In concert with others, a Twitter user named @DorkSirjur has assembled an archive of Randall’s live sets. That elephantine Google drive folder contains weeks of music, and it seems as if new files are still being added. (Check the RTF docs at the bottom of the folder for news.) This Michaelangelo Matos post will get you up to speed on the variety of mixes.
I can only assess the overall effect of this much music slowly. Many of the tracks are ripped from cassette or low-bandwidth streams—little of it is what you would think of as “high quality audio.” In one of the Jungle Fever sets—forgive me, I was cleaning the bathroom and didn’t take notes—the MC goes on a little rant and makes it clear that he believes jungle came directly out of acid house parties and nowhere else. Socially, this sounds plausible, though it doesn’t make musical sense. I asked someone who actually saw Randall play about that social experience.
Jack Rollo: “On Sunday nights, as often as we could, my school friends and I would make the trek from South London to Hoxton Square to dance at Metalheadz. It was a long stepped basement dance-floor, with a ceiling that dripped condensation and a smell of skunk and drain cleaner. Actually I remember little of the music. What was played was so far ahead of anything released, that anything recognisable had already been ripped up and re-contextualised, always a remix of a remix or an exclusive vip version that you’d never get your hands on. There was a sense that most of the djs were only interested in production. They seemed only to care about impressing the small circle of insiders that understood who had made the unreleased tracks playing off dubplates, passed hand to hand, that they sort of forgot the crowd. Compared to the main Metalheadz crew, Randall, who only played semi-regularly, seemed to have more of a sense of the people in the club. His style was rougher and sweeter, hard hitting, but not apocalyptically dark. There was always the feeling he might play something you knew. He was the dj you always hoped was playing. A brief release before school on Monday.”

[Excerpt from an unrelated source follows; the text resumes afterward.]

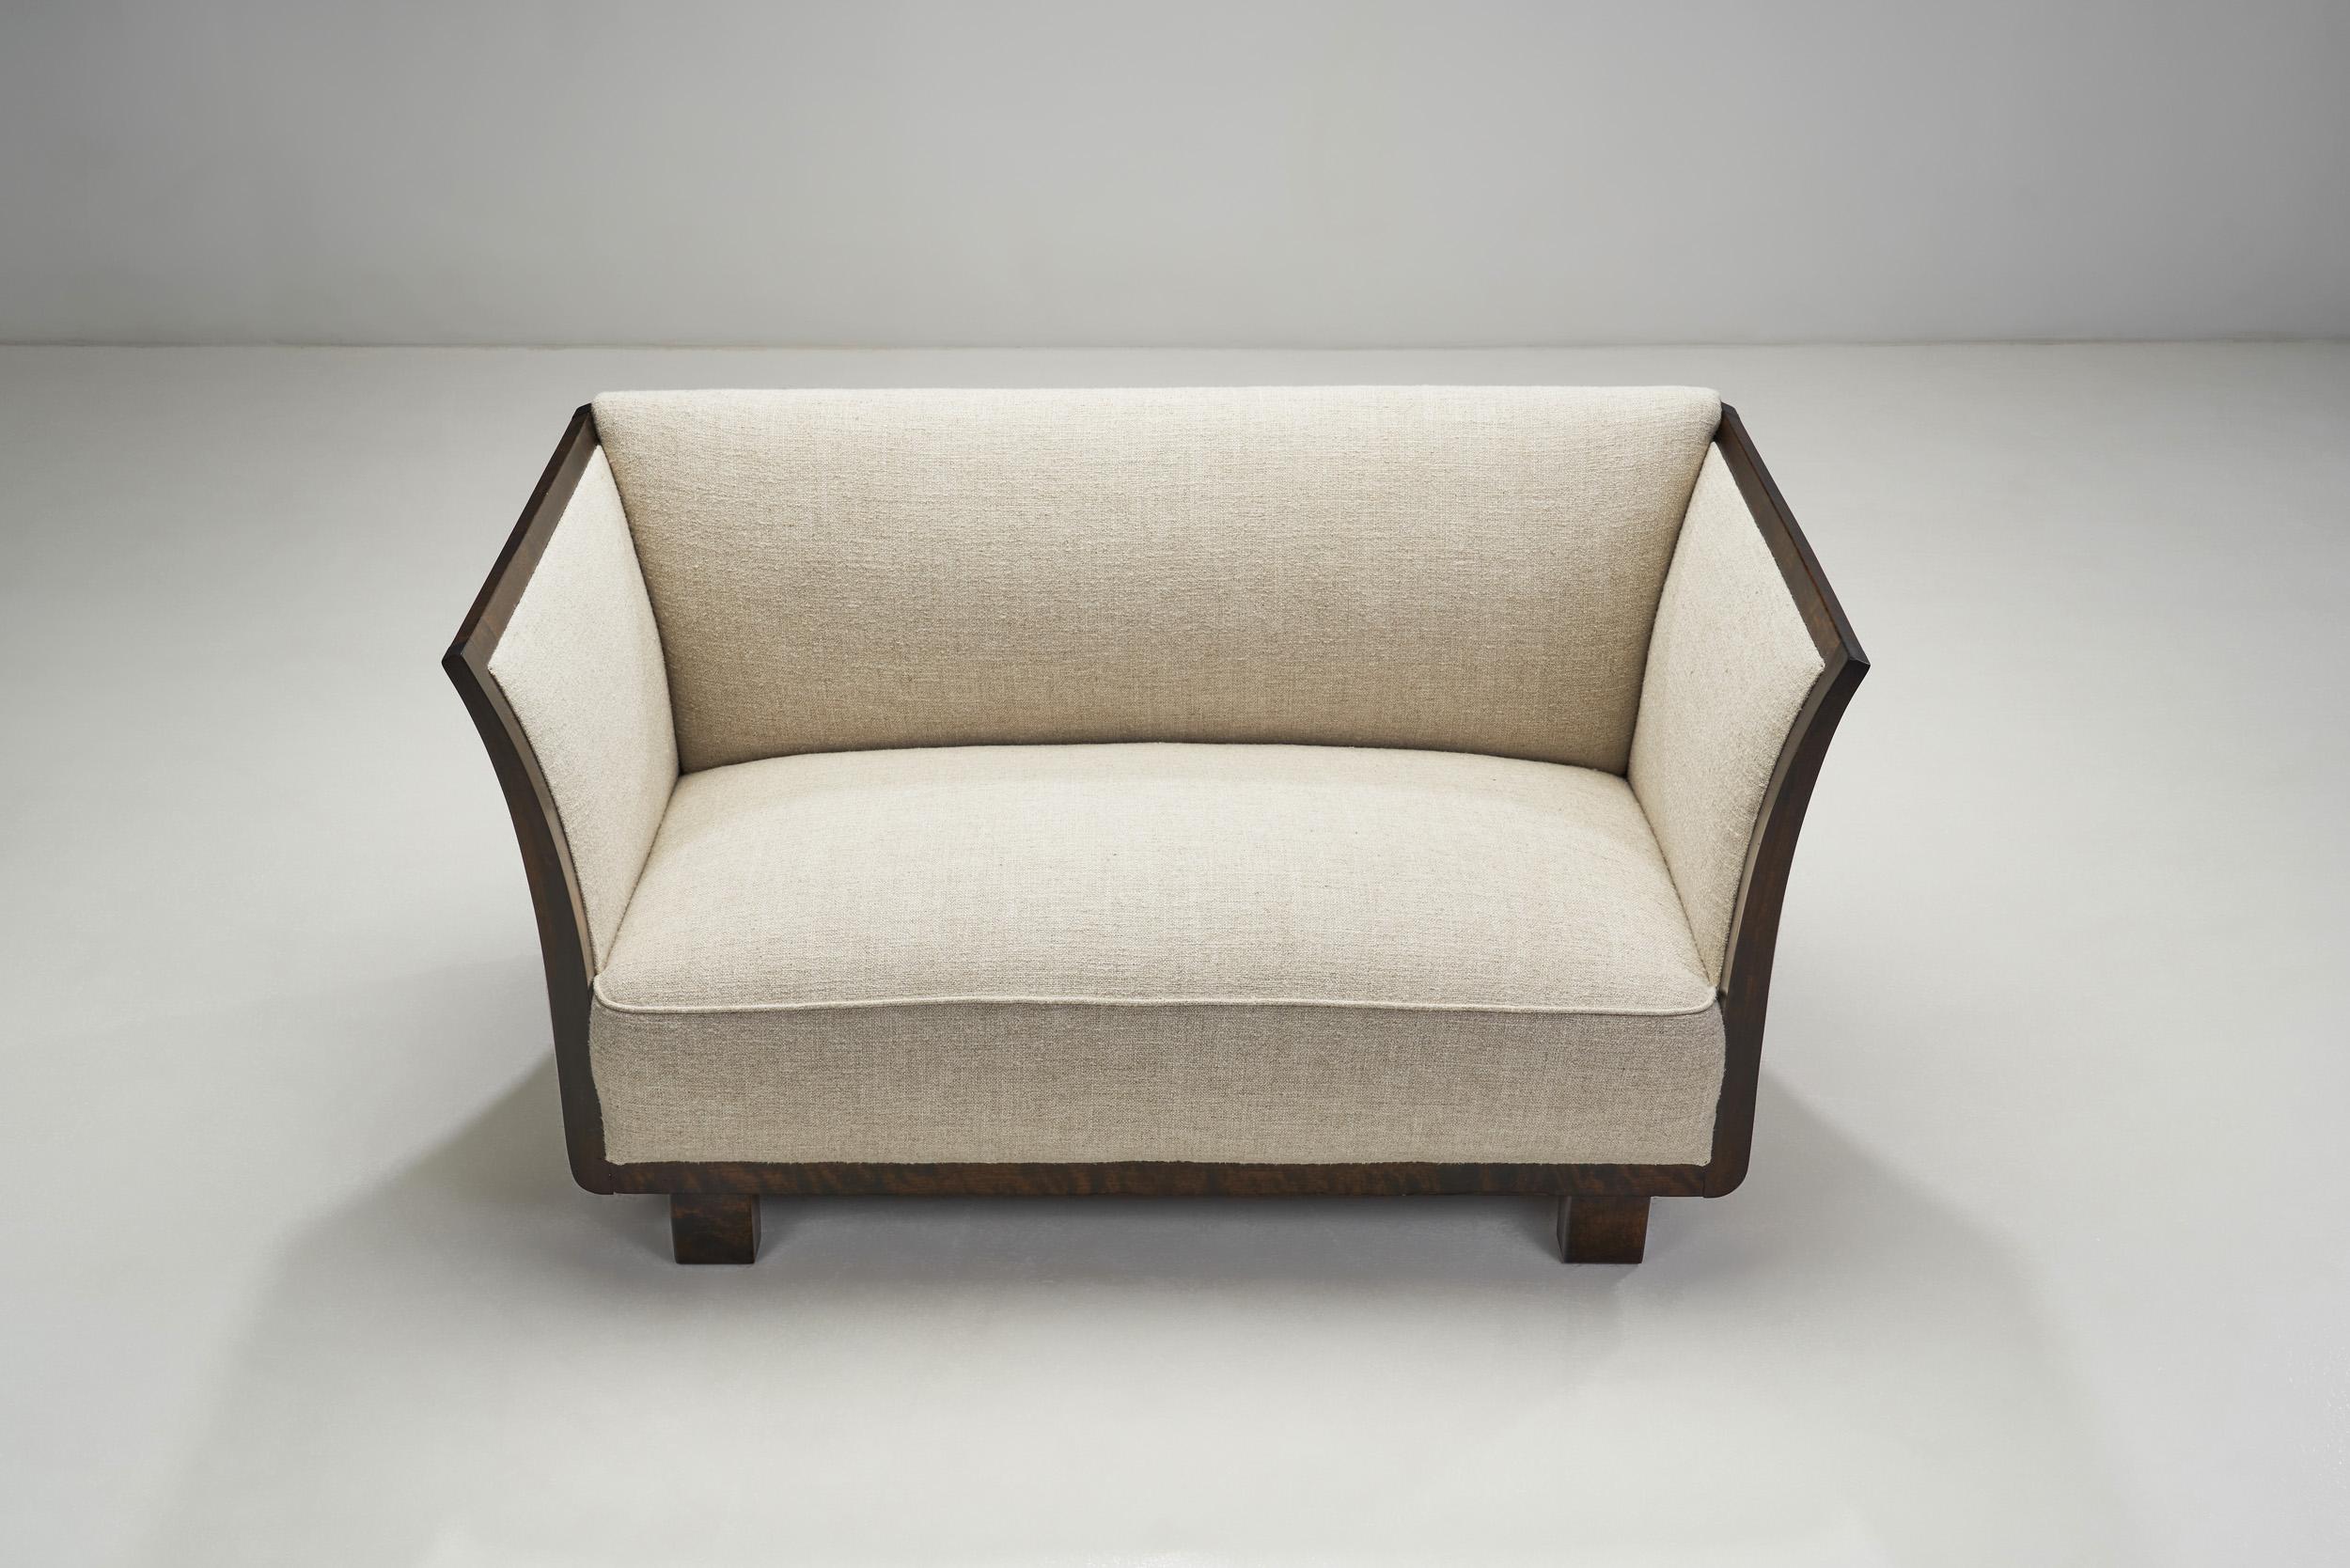 Bouclé Mid-Century Modern Sofa by a Danish Cabinetmaker, Denmark, ca 1950s For Sale

The Internet Archive’s recent loss taken at the hands of Hachette seems like a body blow to the free flow of documents. (Here is an excellent Hannah Williams piece on it.) Even the mighty Libgen suffered a week or so offline. I say, be awake enough to know but not so focused that you slide into despair. The internet is not totally throttled, though the transformation of Twitter into “nazi Facebook” (per Danielle Carr) suggests there has been a land grab that may never be corrected. The Randall archive suggests the larger war has not been lost.

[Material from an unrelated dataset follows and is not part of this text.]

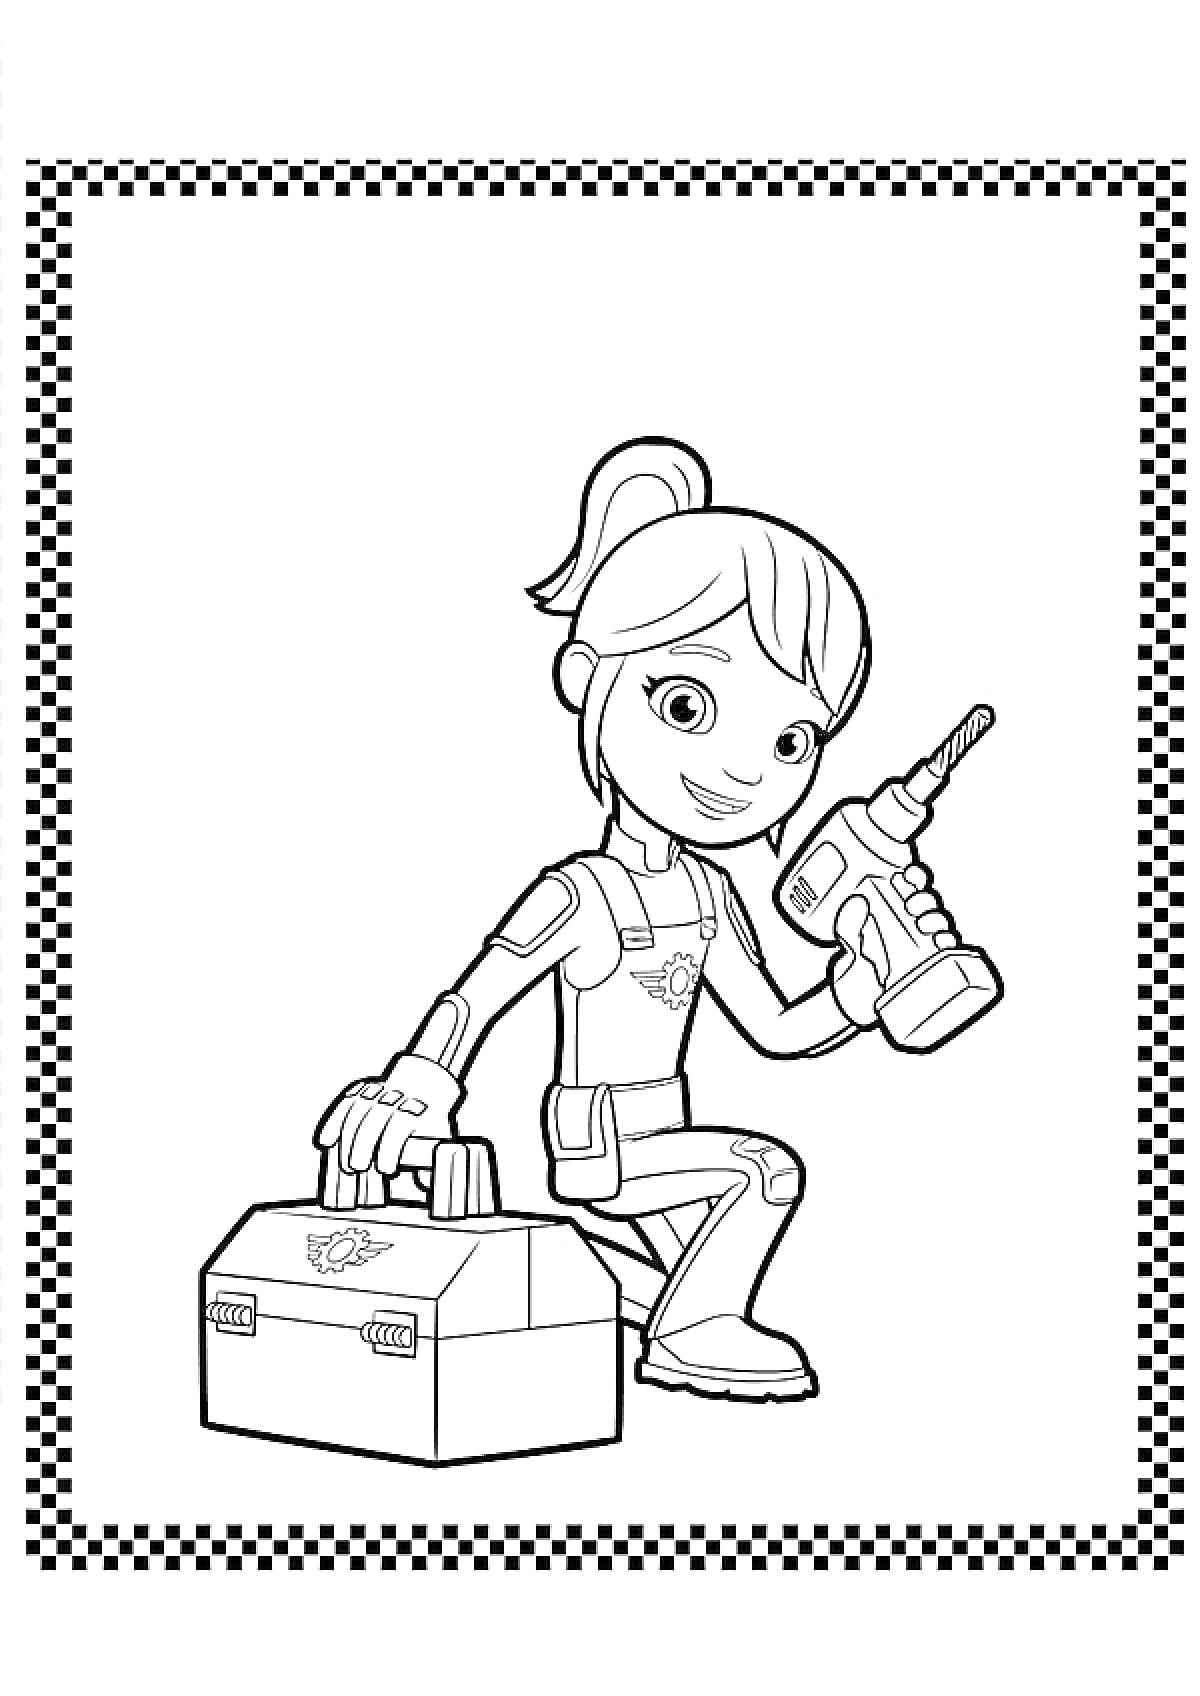 Девочка с высоким хвостиком держит дрель и ящик для инструментов

Could this even have happened ten years ago? Not sure storage prices and broadband were ready but maybe they were. Now, this Randall archive is its own documentary in seed form. When I read this Juliana Spahr essay on “scotch-taped” poetry, I sensed a belt forming, a circle of trees if you will. It’s a great piece of extensive writing, in that Spahr begins on one place, to which she returns, but she touches on moments throughout her life. One of several conclusions is that her sympathies lie with those outside institutions, a feeling I share after thirty or so years in journalism.
That big publishers and big tech bros fall to pieces is not our tragedy. When these networks and platforms fail, think of what Spahr describes as a “stubborn network of poets who do much of what philanthropies do but using their own monies.” This is Randall, this is the forest, this is the us.